Кабинет, тоже неправильной формы, был большой и светлый. В полукруглое широкое окно виднелись деревья близкого Таврического парка, купол дворца и далекие трубы; светило солнце.
По стенам между огромных шкафов стройные белели статуи; стол во всю комнату был заложен книгами и иностранными журналами.
Александр Николаевич сел за другой стол у окна и несколько минут, как бы забыв о посетителе, поднося бумаги к самым глазам и расстилая по столу бороду, что-то читал; потом поправил очки, взглянул на Мишу и засмеялся тоненьким детским смехом.
— Что пишут наши ученые дураки! Что пишут! Им ли соваться рассуждать об Антиное и красоте, несчастные гомункулы.
Он вскочил с места, быстро пробежал по комнате, заложив руки в карманы своего светлого чесучового свободного пиджака,{28} и заговорил с воодушевлением:
— Красота, это — радость, солнце, улыбка. Каждое движение, каждое слово, — все должно быть красотой, — и потом, удивленно поведя глазами на Мишу, еще раз спросил:
— Вы художник, от Кучерова?
Миша передал дядино поручение относительно перемены дня концерта.
— Так вы художник. Вам нужно непременно познакомиться с С. (он назвал того же художника, что и Второв). Как бы это сделать? — говорил Александр Николаевич, прохаживаясь по комнате и поглаживая бороду.
— А? Как? Знаете, он заезжает иногда ко мне по пятницам, вечером.{29} Собираются кое-кто из друзей. Вот и вы, пожалуйста… Следует набираться воздуху вам, молодым. Может, и С. увидите.
Миша сконфуженно благодарил и почему-то не сказал, что С. он увидит сегодня же вечером.
Предлог бывать здесь, в этих тихих уютных комнатах, радовал его, и так ласково улыбался Александр Николаевич, теребя бороду. Надо было сделать усилие Мише, чтобы встать и проститься.
— Так по пятницам, пожалуйста, — говорил Александр Николаевич, провожая Мишу до передней.
Не успел Миша сделать несколько шагов по лестнице, как с шумом поднялся лифт, и из дверки выскочила Тата в махровой темной шапочке и коротенькой кофточке. Она была, видимо, чем-то очень занята и, рассеянно взглянув на Мишу, не узнала его и быстро побежала по ступенькам.
Миша постоял несколько минут на площадке, глядя на дверь, за которою скрылась Тата.
Извозчик бранился, что слишком долго пришлось ему ждать. Рассеянно слушая его воркотню, Миша несколько раз оглядывался на высокий, с башнею, дом.
VII
Горничная Даша уже улыбалась, подавая каждое утро Мише письмо в узком зеленоватом конверте, а иногда и два разом.

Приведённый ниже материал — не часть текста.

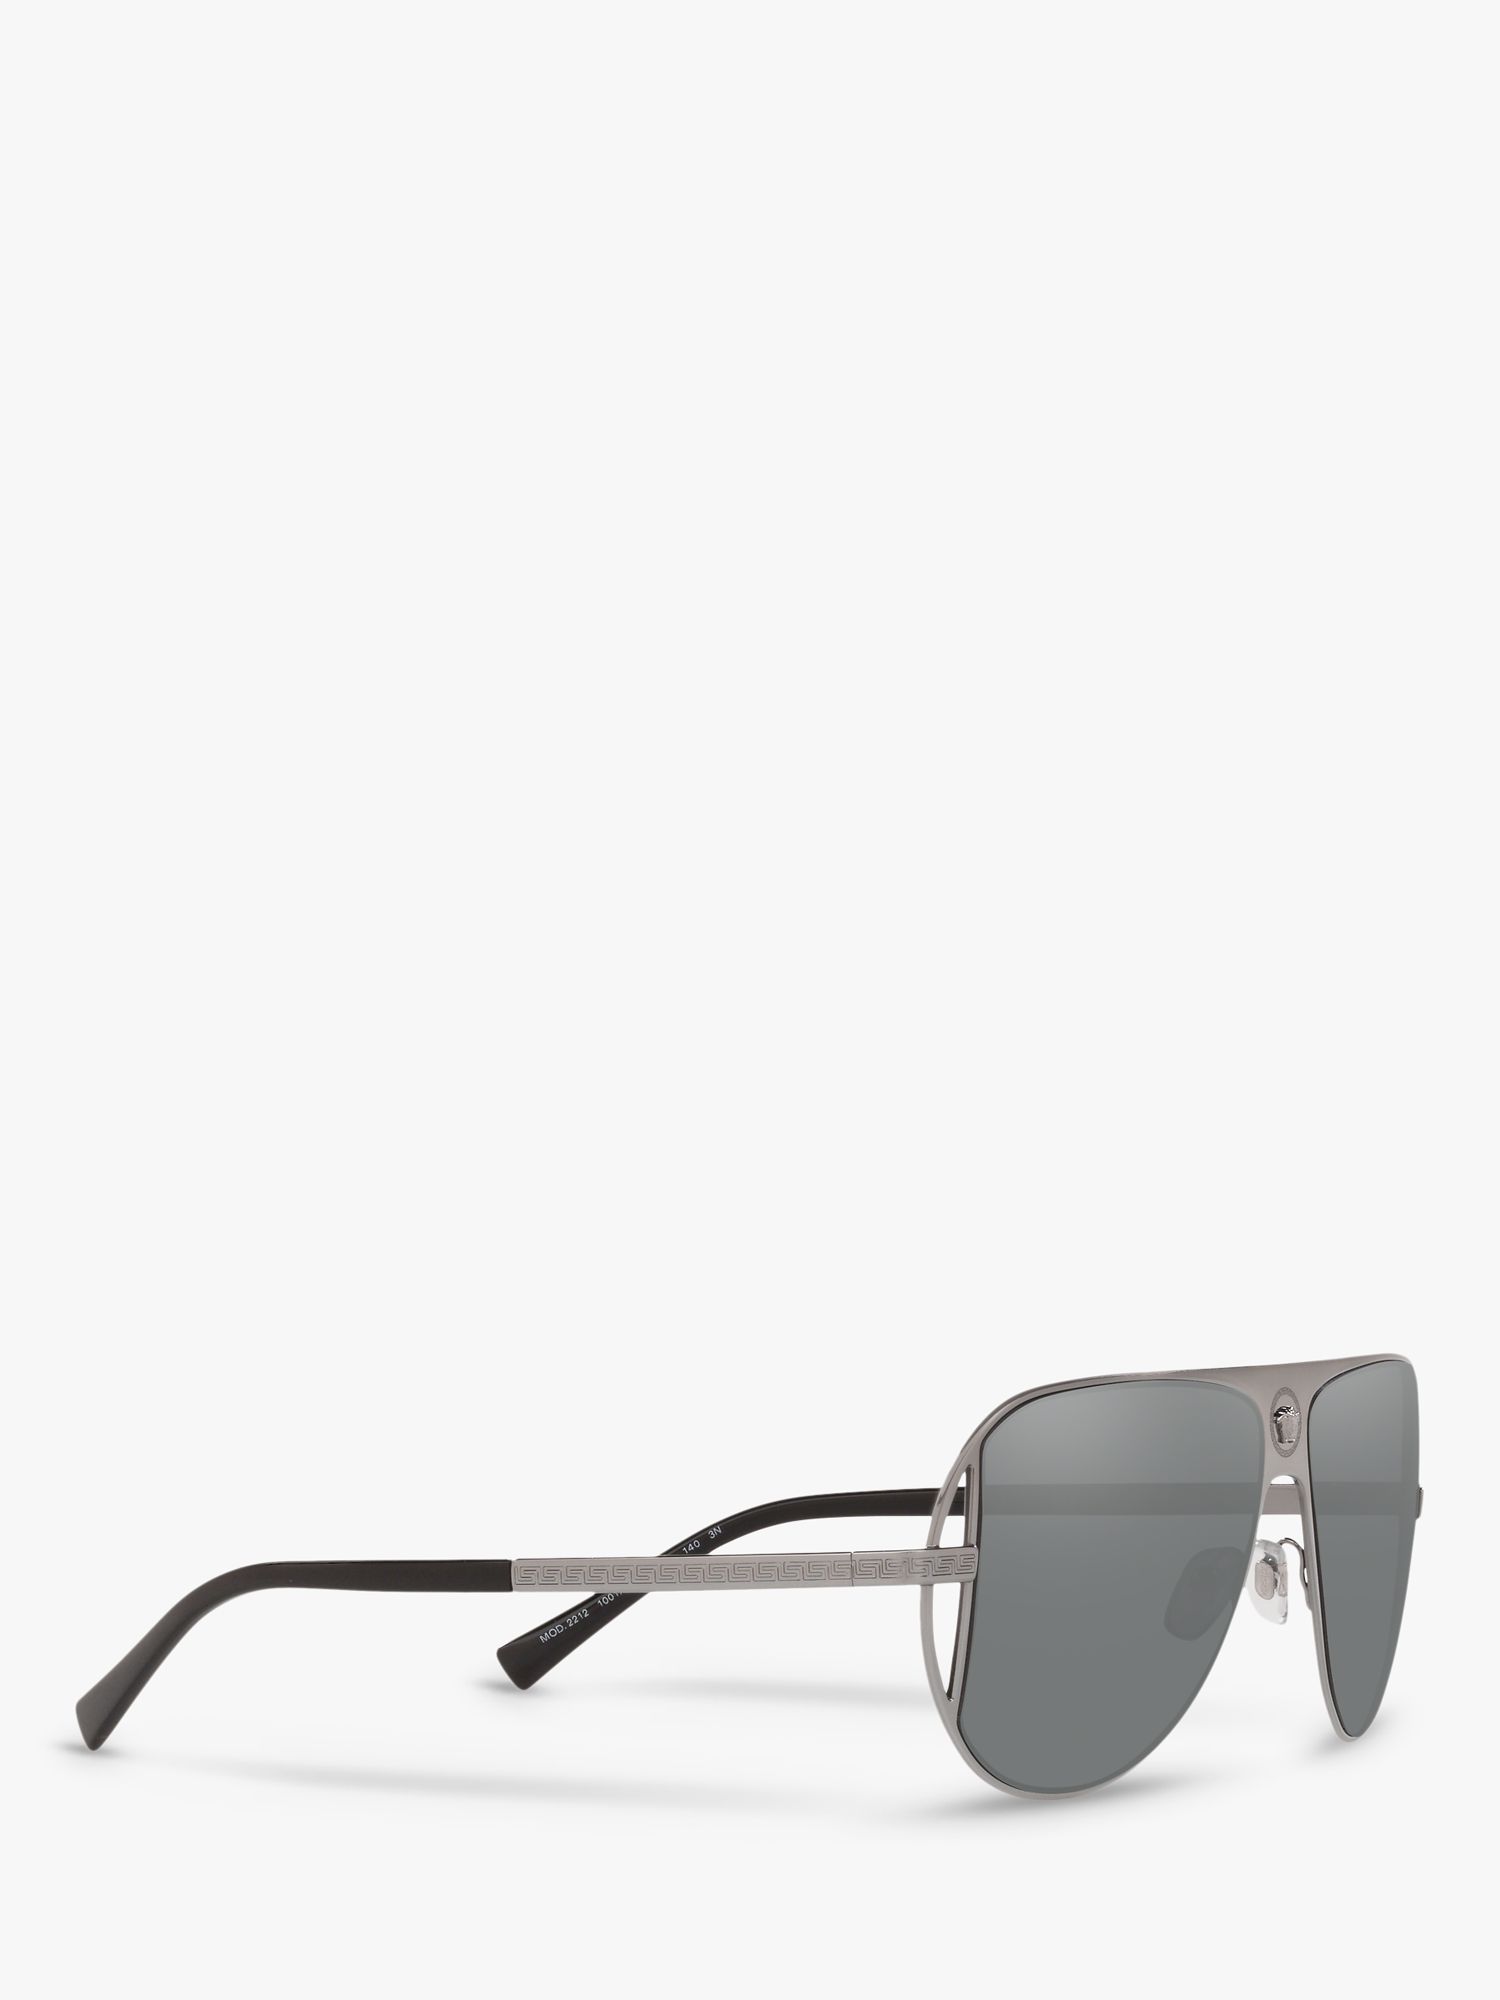 Buy Versace VE2212 Men's Aviator Sunglasses Online at johnlewis.com

— Письмецо вам, Михаил Давыдович, опять, — говорила она и на слове «опять» насмешливое делала ударение.
Хорошенькое кукольное личико ее, всегда такое равнодушнопочтительное, морщилось от подавляемой улыбки.
За обедом, в передней, когда Даша подавала пальто, и особенно за утренним чаем, когда он прочитывал поданное только что письмо в зеленоватом конверте, Миша часто ловил на себе ее взгляд, насмешливый и любопытный.
Этот взгляд смущал Мишу, но не сердил.
Сначала Миша тоже писал аккуратно, хотя не умел и не любил писать писем. Выходили они то слишком сухие и незначительные, то притворно нежные, и той равнодушной ласковости, что появилась в последний день Москвы, не находил Миша для писем.
К тому же было много работы и суеты, новых знакомств, планов; кроме того, вышла вся бумага, на которой писал Миша обыкновенно, а новую коробку все было некогда купить, и несколько дней Миша не садился за свой письменный стол, чтобы напряженно сплетать в тщательно отделанные фразы слово за словом, ненужные, придуманные слова, которым писал он будто бы за кого-то другого.
Возвратившись домой поздно ночью, после веселого и хлопотливого дня, Миша нашел на столе телеграмму.
«Что значит молчание. Страшно. Ответ. Твоя».
В первый раз почувствовал Миша тягость, прочитав эти слова, написанные карандашом чьей-то чужой, равнодушной рукой. В первый раз не улыбнулся Миша, не почувствовал опьяняющей, радостной гордости.
Уже потушив огонь, очень долго ворочался Миша в кровати, и когда, наконец, заснул, тяжелые давили кошмары, как камни.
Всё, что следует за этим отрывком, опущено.